Non-Newtonian hybrid nanofluid flow over vertically upward/downward moving rotating disk in a Darcy–Forchheimer porous medium
Department of Studies and Research in Mathematics, Davangere University, Davangere, Karnataka, India
2 Department of Mathematics, Kuvempu University, Jnana Sahyadri, 577 451, Shimoga, India
Accepted: 31 January 2021
Published online: 19 April 2021
Researchers and engineers working in the field of thermal analysis are pursuing new ways to improve the performance of electrical devices by improving their thermal properties. Impressed by these applications, in this paper, we examined the influence of activation energy over Darcy–Forchheimer flow of Casson fluid with suspension of Graphene oxide and Titanium dioxide nanoparticles considering 50% of Ethylene glycol as base fluid in a porous media. The problem is basically an extension of the well-known problem of von Karman’s viscous pump in a situation where the disk rotates.

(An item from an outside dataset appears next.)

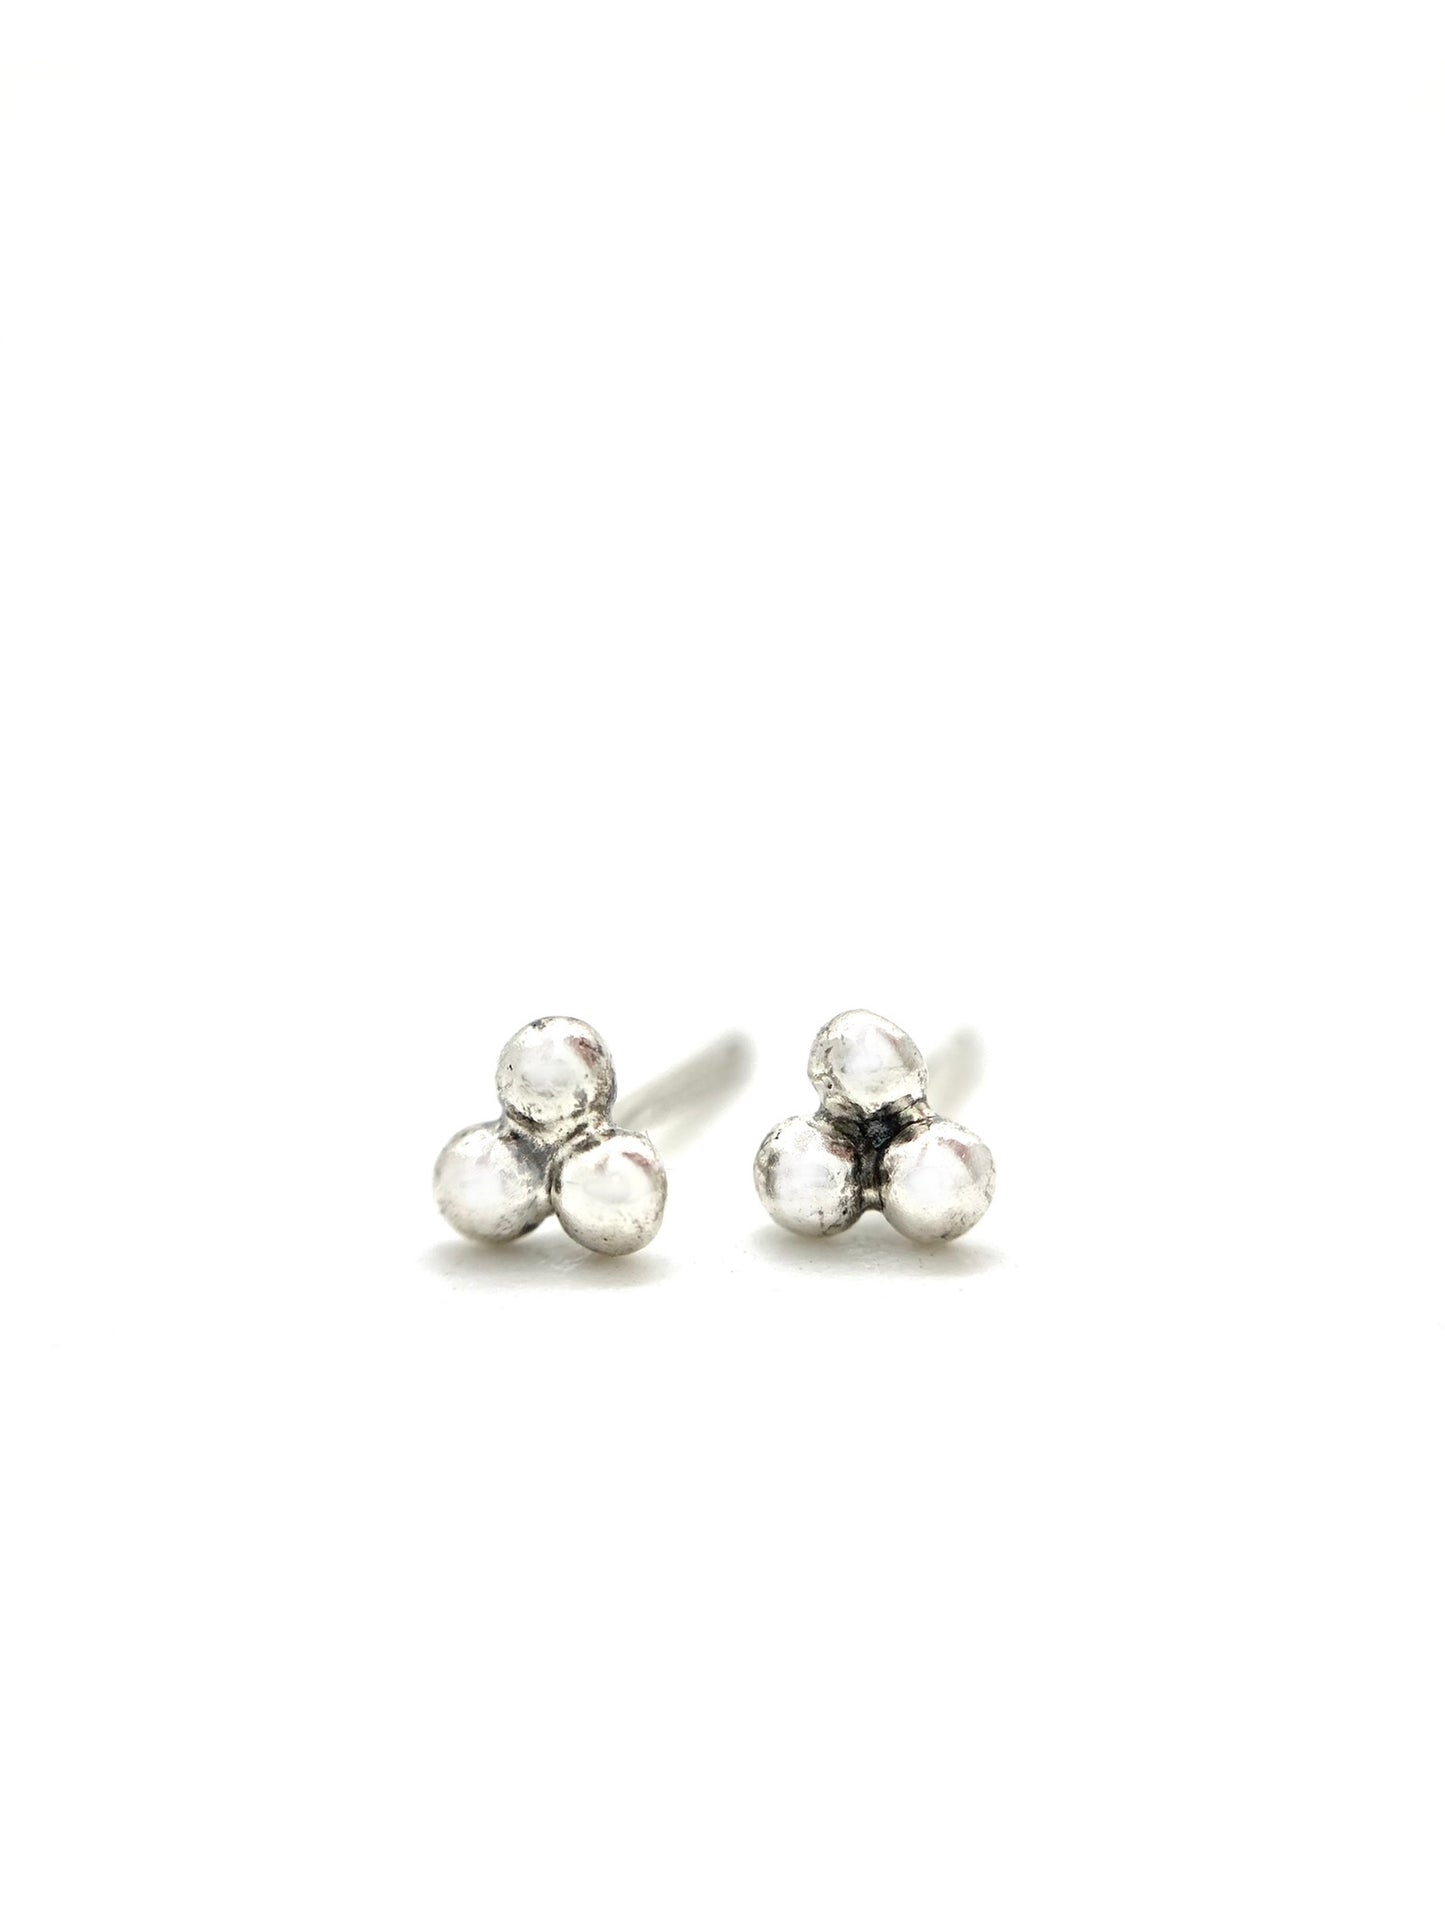 Tri-Ball Studs in Sterling Silver

The modelled equations are converted to ODEs using the similarity transformations. The numerical solution is obtained using the RKF-45 method by adopting shooting technique. The calculation of mass and heat transfer rate is analysed through graphs. It is observed that the upward and downward motion of the disk exerts similar effects to that of the injection/suction through the wall. The downward motion of the disk causes reduction in velocity and temperature fields. Furthermore, variation in velocity, thermal, and concentration gradients for several non-dimensional parameters are studied briefly and demonstrated with the help of graphs. The obtained result reveals that increase in Casson parameter reduces the velocity of the fluid.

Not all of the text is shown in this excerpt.